> [WORK TASK]:
Lines that include the string "Lane" are the ones to copy from the entries below.

[Records contained in a dataset]

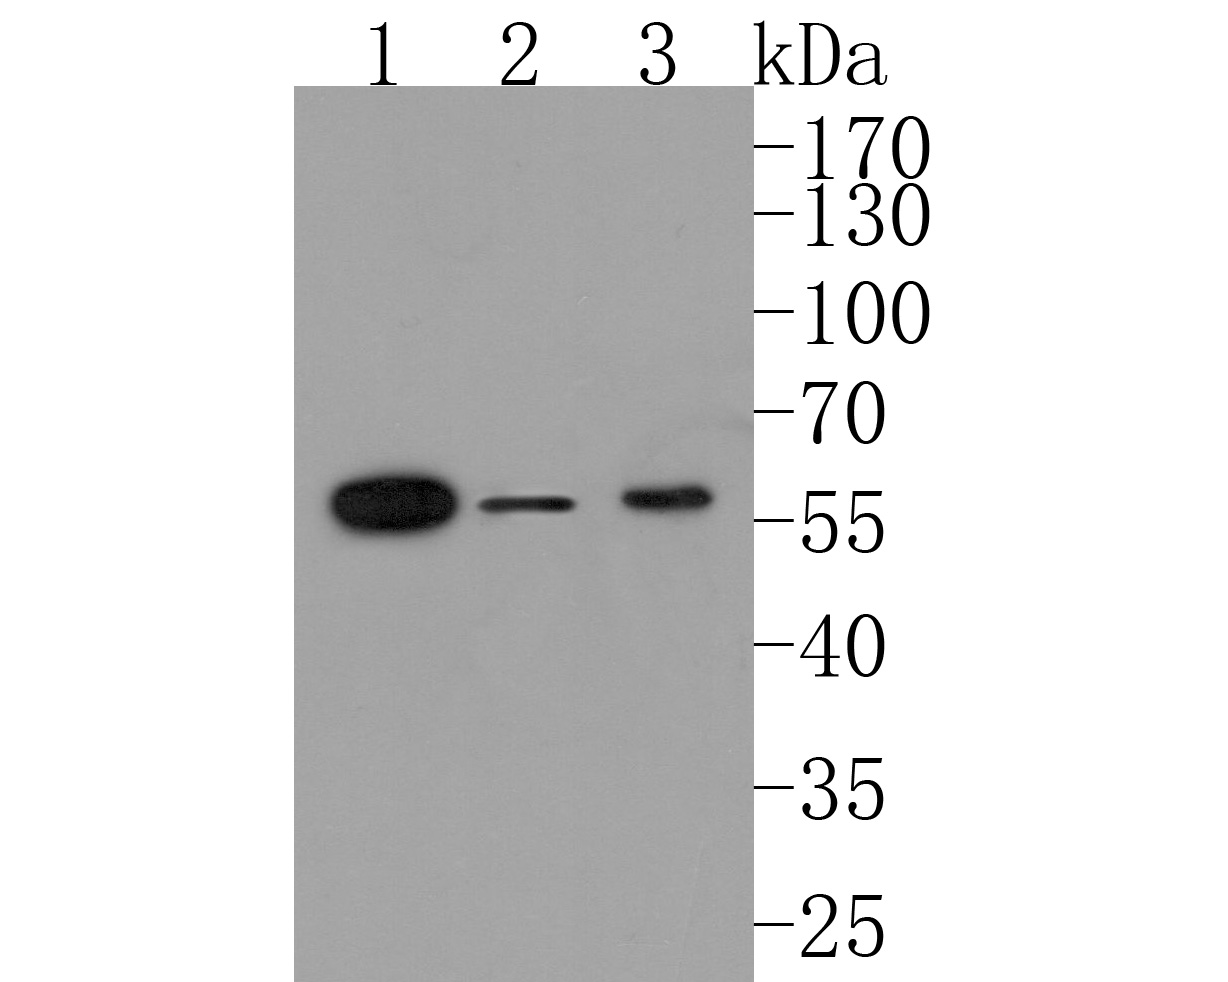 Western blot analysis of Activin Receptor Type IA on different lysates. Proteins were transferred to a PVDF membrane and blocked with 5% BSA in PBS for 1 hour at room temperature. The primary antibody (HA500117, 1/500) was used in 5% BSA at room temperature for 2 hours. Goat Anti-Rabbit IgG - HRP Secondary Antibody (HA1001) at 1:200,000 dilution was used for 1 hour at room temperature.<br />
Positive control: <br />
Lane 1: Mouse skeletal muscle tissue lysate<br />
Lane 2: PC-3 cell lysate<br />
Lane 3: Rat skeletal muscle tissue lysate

> [SOLUTION BELOW]:
Lane 1: Mouse skeletal muscle tissue lysate<br />
Lane 2: PC-3 cell lysate<br />
Lane 3: Rat skeletal muscle tissue lysate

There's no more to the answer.